╭─ Recorded data

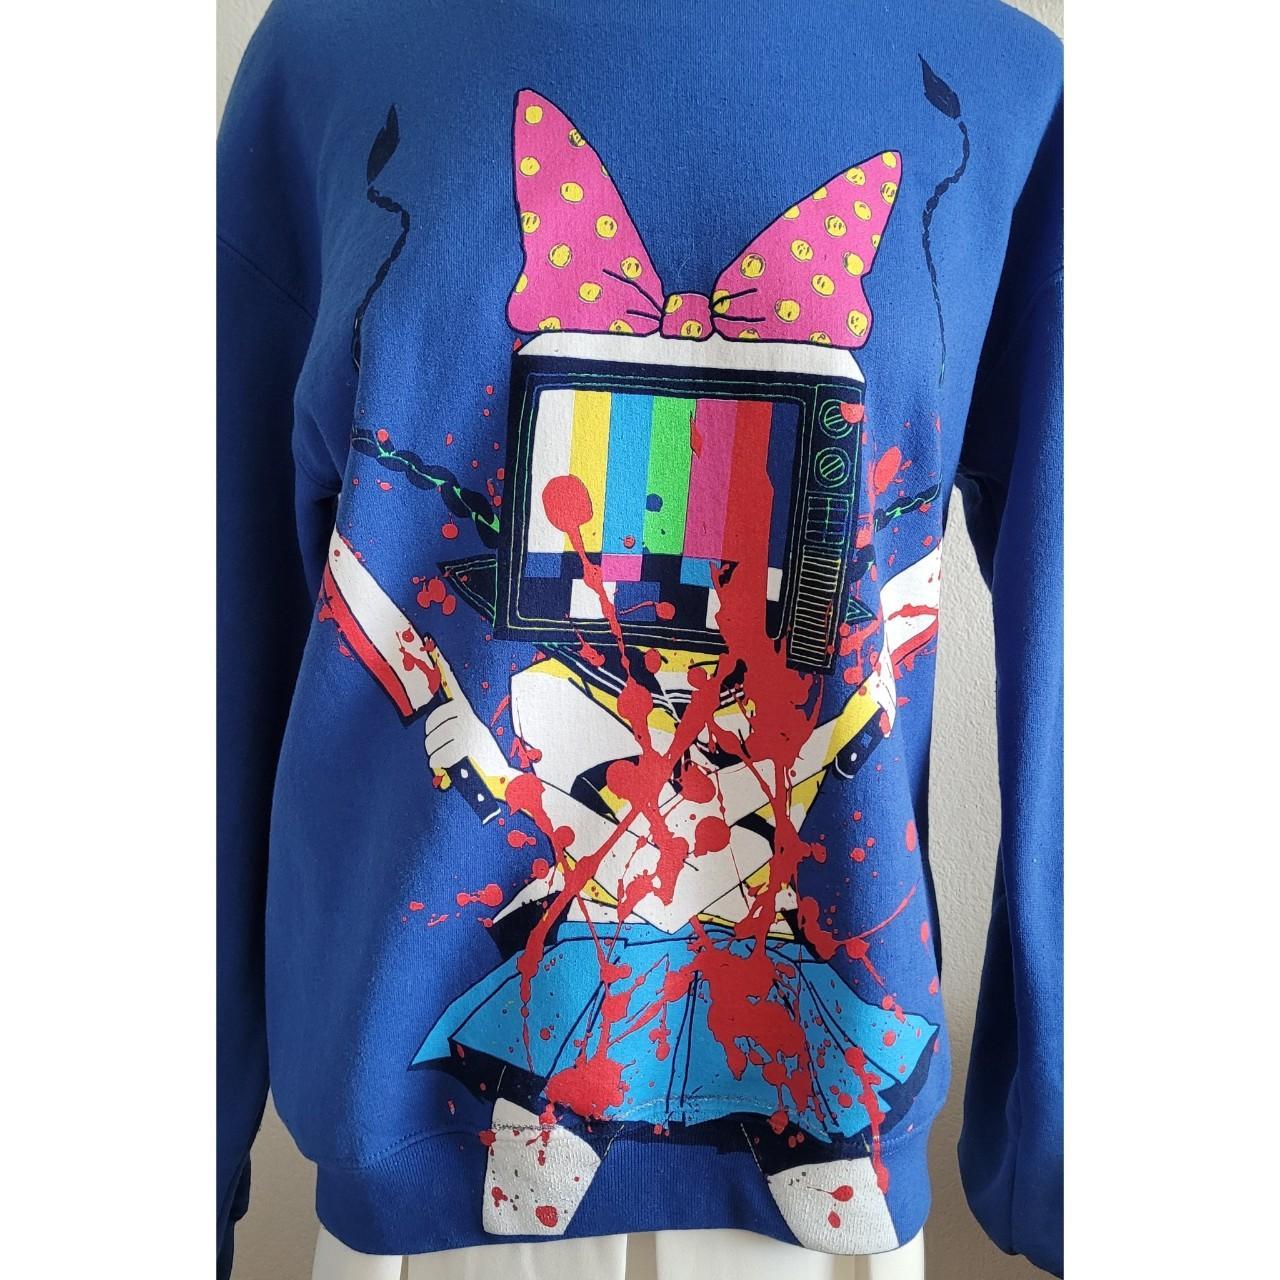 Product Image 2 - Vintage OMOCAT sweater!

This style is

╰─
╭─ Recorded data

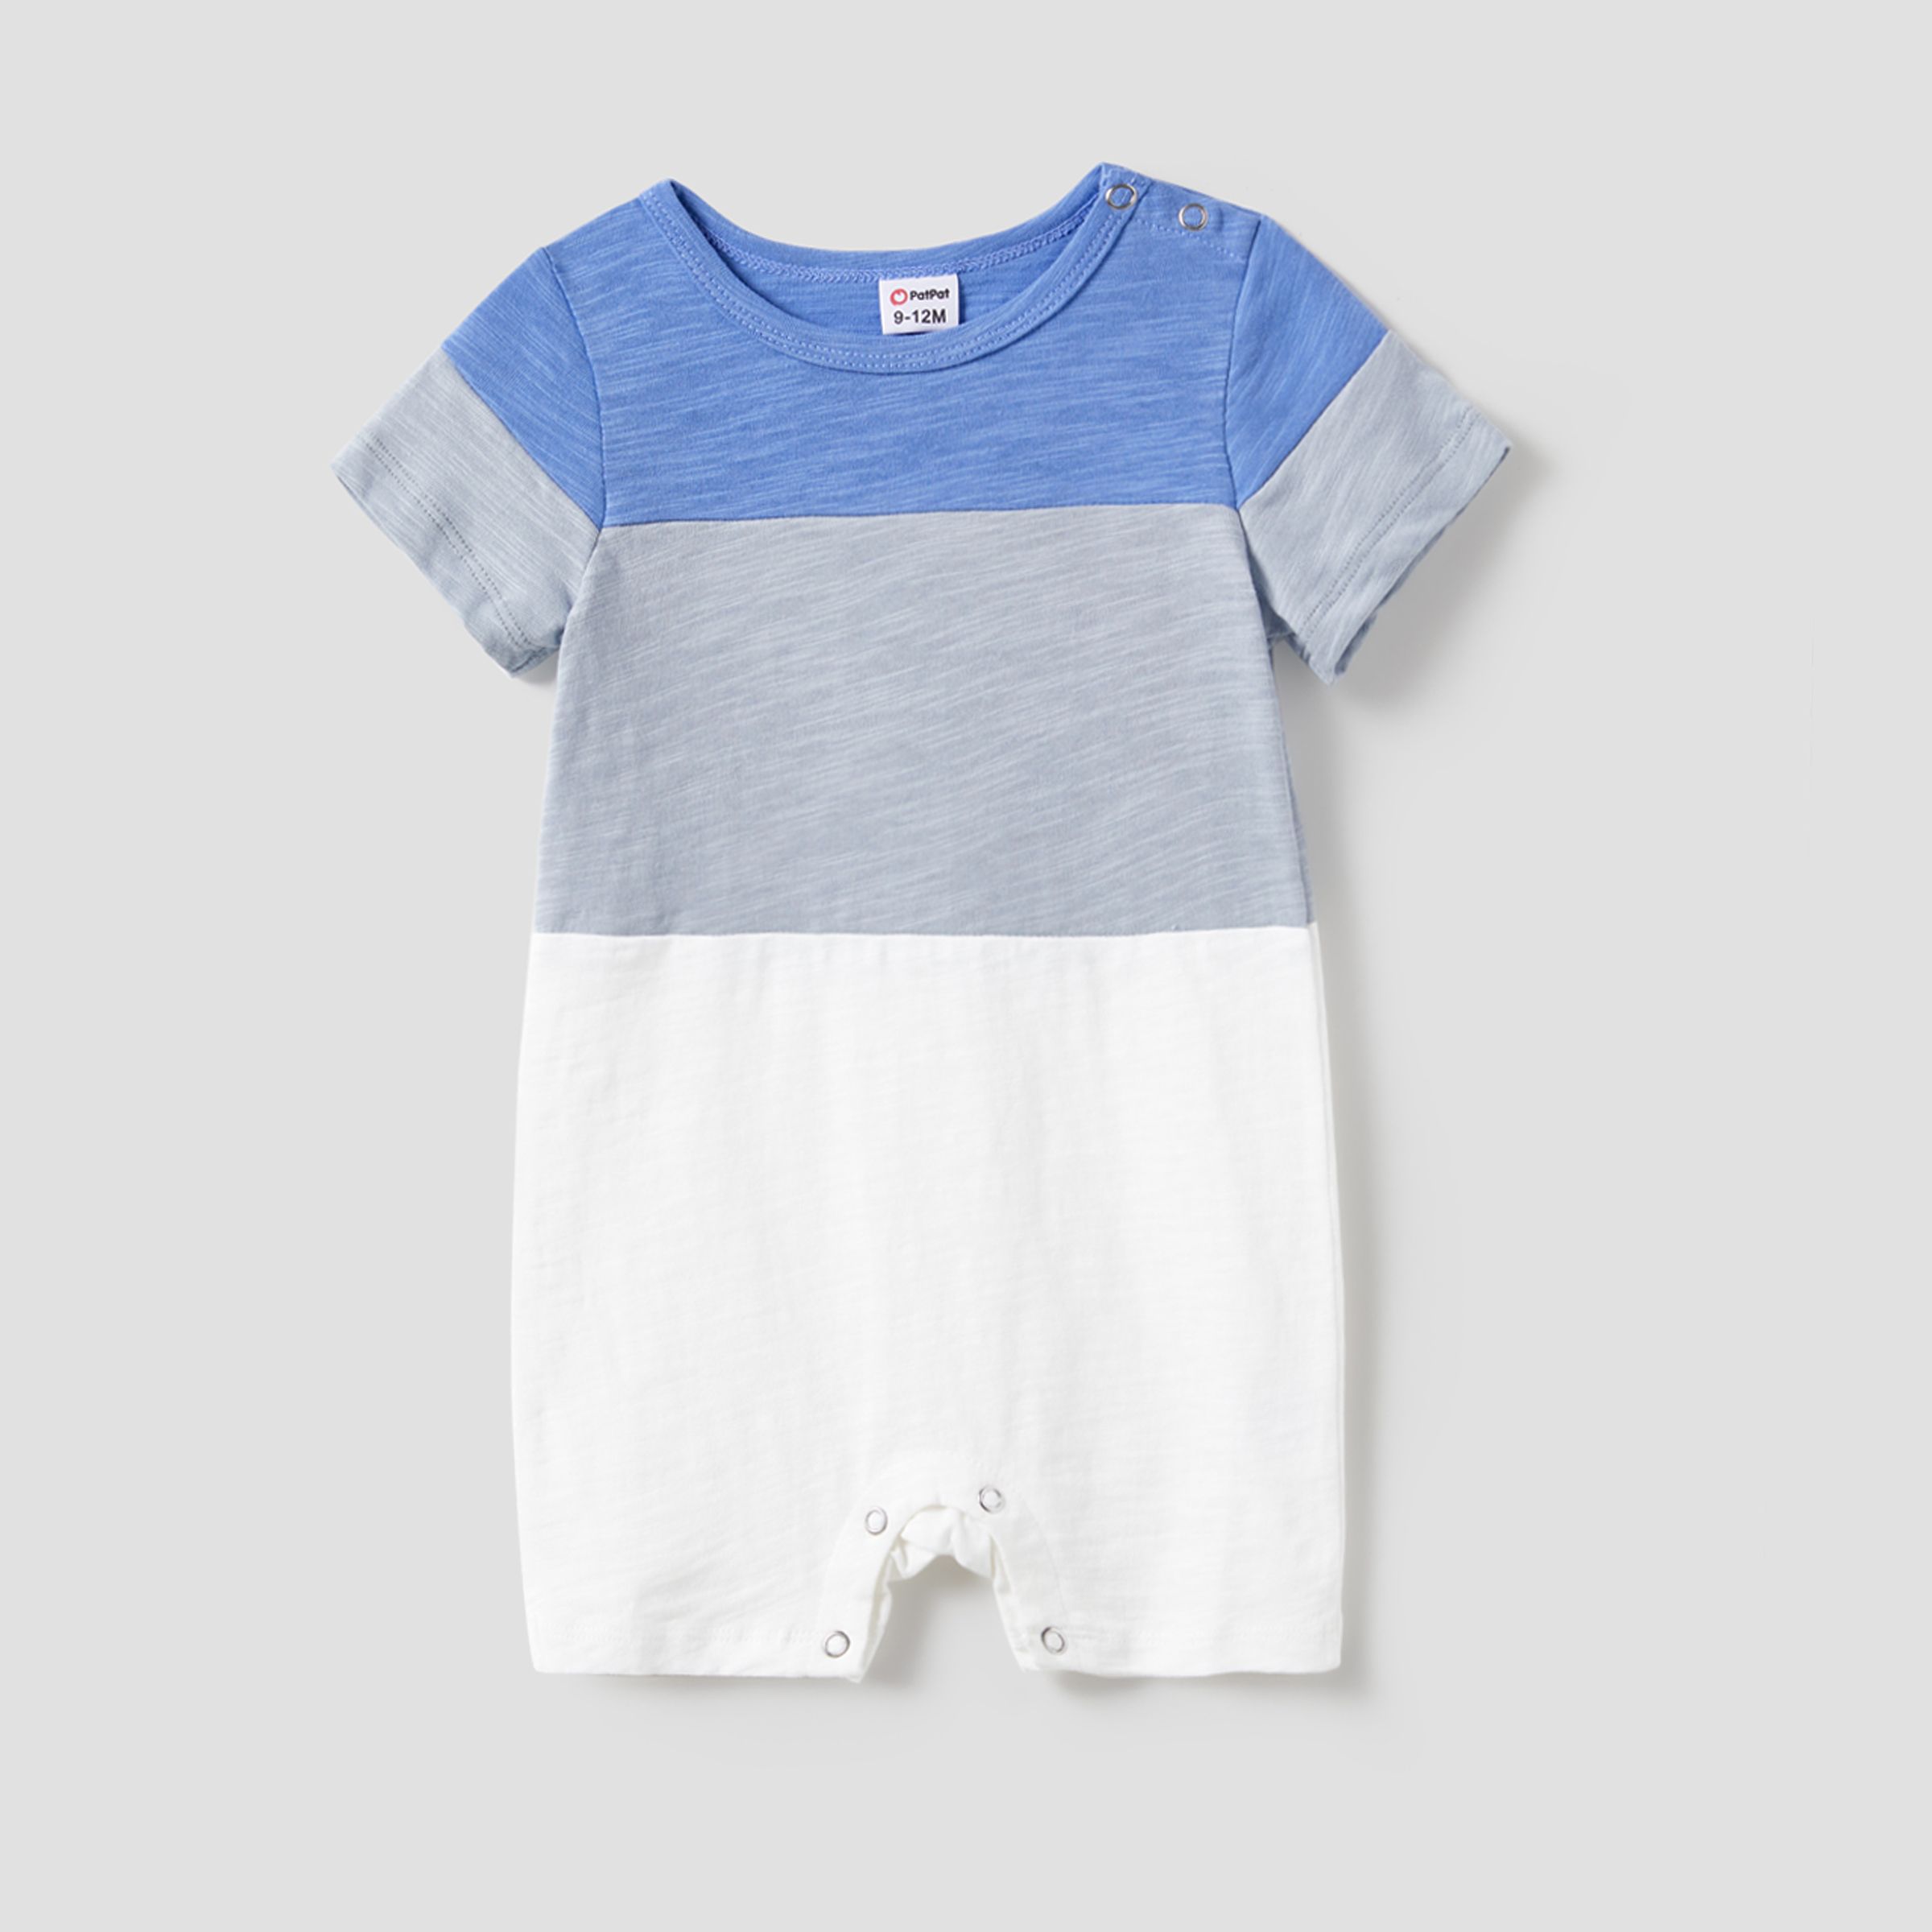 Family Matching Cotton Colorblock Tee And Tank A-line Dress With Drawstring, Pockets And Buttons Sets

╰─
╭─ Recorded data

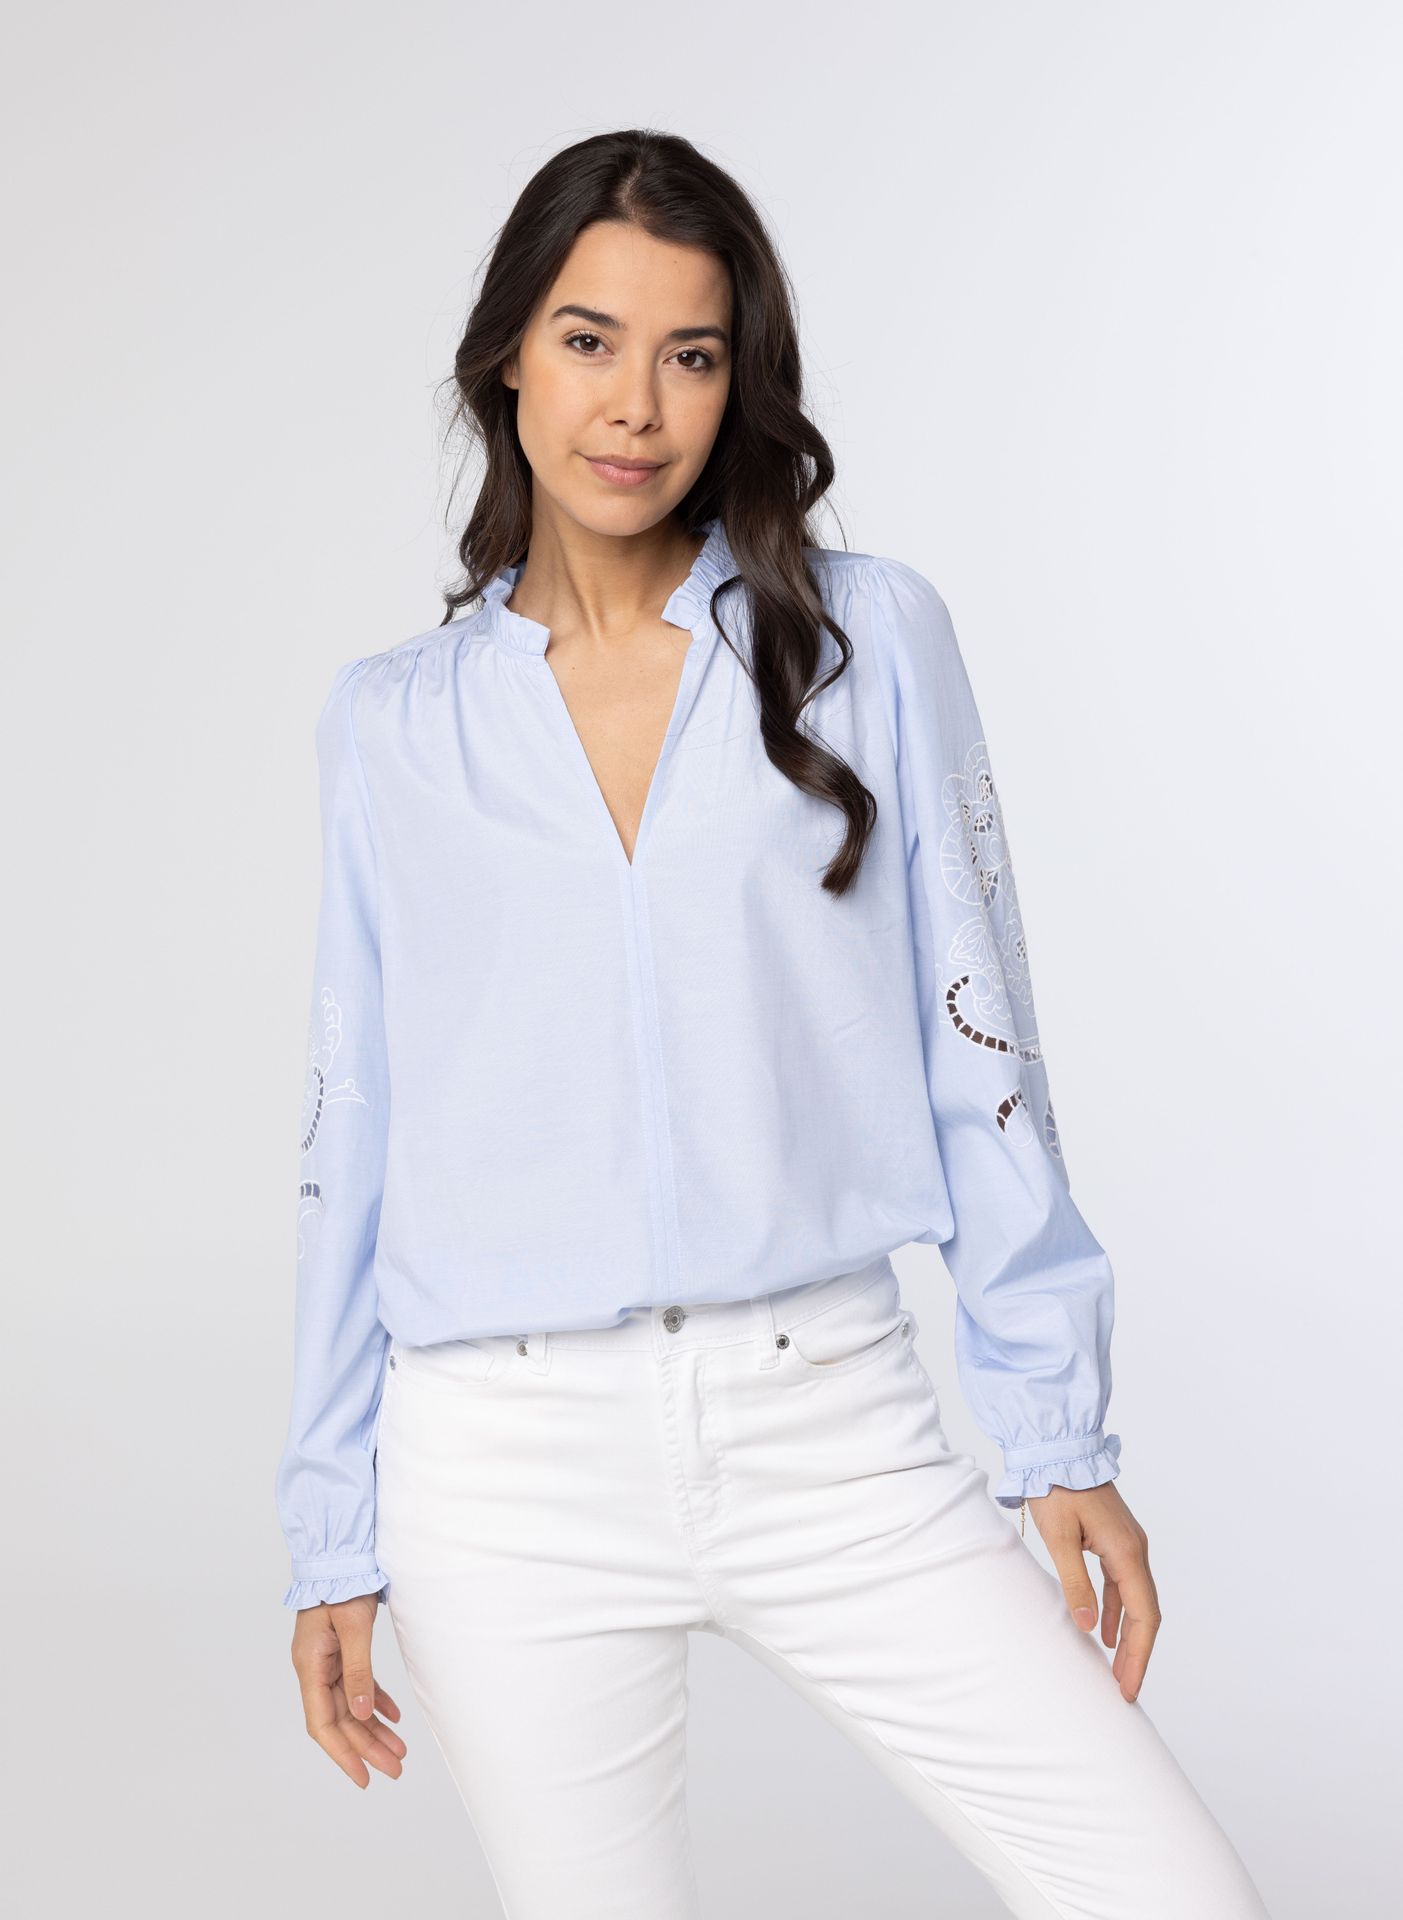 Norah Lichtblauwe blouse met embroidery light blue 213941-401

╰─

From the line holding "Product Image 2 - Vintage OMOCAT sweater!" to the line holding "This style is", both included, retype the entries above exactly and drop the pictures.

**Exercise answer:**
 Product Image 2 - Vintage OMOCAT sweater!

This style is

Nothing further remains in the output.